BiasBusters: Uncovering and Mitigating Tool Selection Bias in Large Language Models
Thierry Blankenstein, Jialin Yu, Zixuan Li, Vassilis Plachouras, Sunando Sengupta, Philip Torr, Yarin Gal, Alasdair Paren, Adel Bibi
TL;DR
This work tackles tool-selection bias in tool-augmented LLMs, where models may favor functionally equivalent APIs due to superficial cues rather than utility. It introduces a benchmark of 10 clusters of interchangeable APIs and total-variation based metrics to quantify bias across seven models, revealing that semantic alignment between queries and tool descriptions is the primary predictor and that metadata perturbations and biased pre-training amplify bias. The authors dissect bias origins through attribute correlations, perturbations, and biased CPT, showing imageable effects from description content while CPT accelerates bias but does not solely drive it. To counteract bias, they propose a lightweight debiasing pipeline that filters candidates to a relevant subset and selects uniformly from that subset, which substantially reduces bias metrics while preserving task coverage. The findings underscore a practical need for fair, reliable tool-calling in LLM systems and provide readily adoptable resources and methods to improve marketplace fairness and user experience.
Abstract
Agents backed by large language models (LLMs) often rely on external tools drawn from marketplaces where multiple providers offer functionally equivalent options. This raises a critical point concerning fairness: if selection is systematically biased, it can degrade user experience and distort competition by privileging some providers over others. We introduce a benchmark of diverse tool categories, each containing multiple functionally equivalent tools, to evaluate tool-selection bias. Using this benchmark, we test seven models and show that unfairness exists with models either fixating on a single provider or disproportionately preferring earlier-listed tools in context. To investigate the origins of this bias, we conduct controlled experiments examining tool features, metadata (name, description, parameters), and pre-training exposure.
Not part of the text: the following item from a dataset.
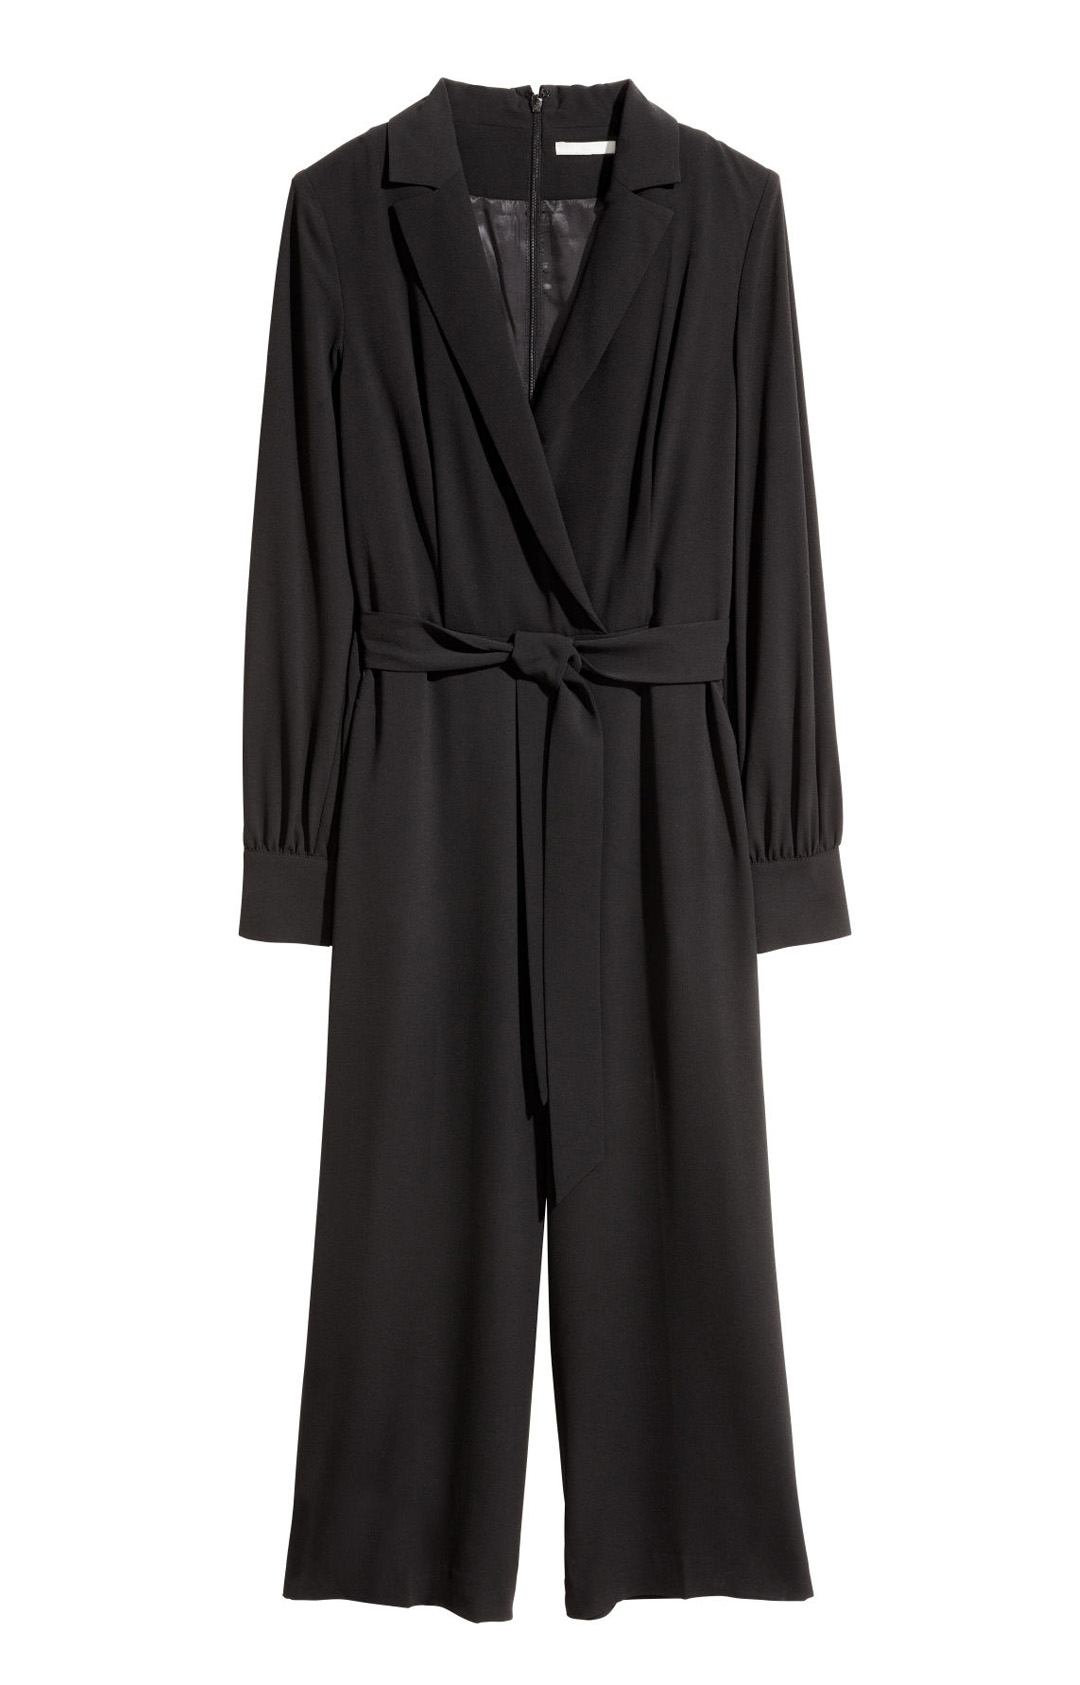 Crepe Jumpsuit, $79.99 from H&M

We find that: (1) semantic alignment between queries and metadata is the strongest predictor of choice; (2) perturbing descriptions significantly shifts selections; and (3) repeated pre-training exposure to a single endpoint amplifies bias. Finally, we propose a lightweight mitigation that first filters the candidate tools to a relevant subset and then samples uniformly, reducing bias while preserving good task coverage. Our findings highlight tool-selection bias as a key obstacle for the fair deployment of tool-augmented LLMs.